Two years later, she walked into the office of Toronto plastic and reconstruction surgeon Dr. Mitchell Brown of Women’s College Hospital. He performed a prophylactic mastectomy to remove her second breast, and began simultaneous reconstruction, using a tissue expander to stretch the skin and tissue and make room for permanent implants.
It “gave me my freedom back,” and restored her confidence, says Janzen, who found a prosthesis cumbersome.
“I went two years without reconstruction. That’s why I feel so passionately that women undergoing treatment for breast cancer should be well-informed about their options.”
Her surgeon agrees. That’s what prompted him to organize the first BRA Day last year-end, which sparked events across Canada and in 25 countries.
Many women come to him years after their mastectomies, after finally hearing about reconstruction.
With the advances in surgical techniques and microsurgery, there’s no excuse for “the tremendous lack of awareness and lack of access (to surgery) in many communities,” he says, though he stresses that it’s not everyone’s choice and not all women are candidates.
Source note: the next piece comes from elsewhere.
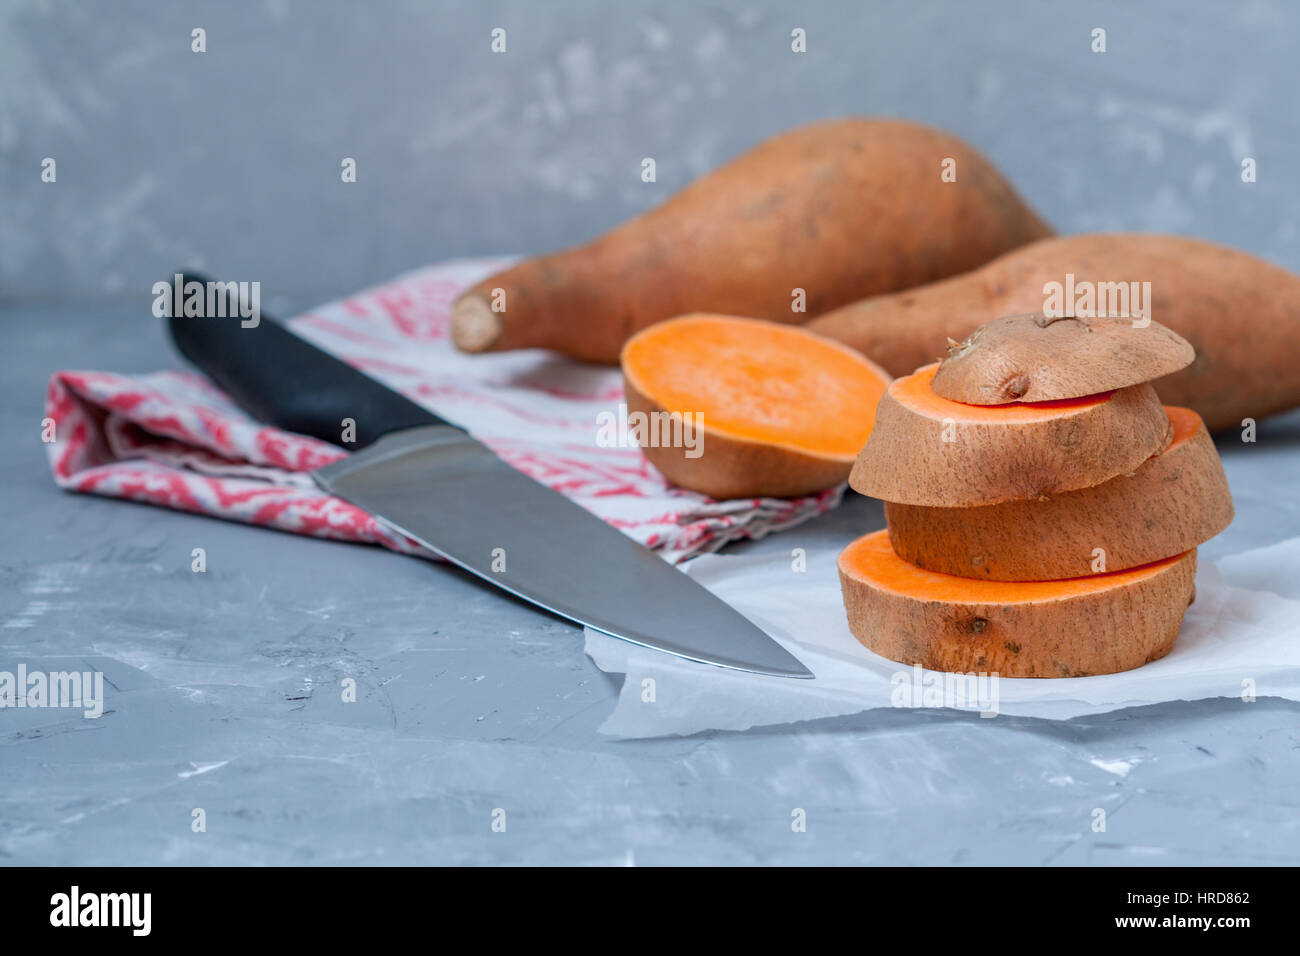 Roh in Scheiben geschnitten und ganze süße Kartoffeln auf einem dunklen Hintergrund rustikal. Stockfoto

But only about 12 per cent of Canadian women who’ve had mastectomies have reconstruction, a number that’s “startlingly low,” he says, especially since costs are covered.
Avery Swartz, 32, describes it as a silver lining. The Toronto web designer and mother, who has a gene mutation that puts her at high risk of breast cancer, had a preventative mastectomy and reconstruction surgery three years ago. She is thrilled with the results.
The lounge offers women a place where “no subject is taboo,” she says. Questions touch on everything from post-op pain to sexuality and what it’s like not being able to breastfeed.
“It’s all the things a woman wants to ask other women and doesn’t ask her doctor.”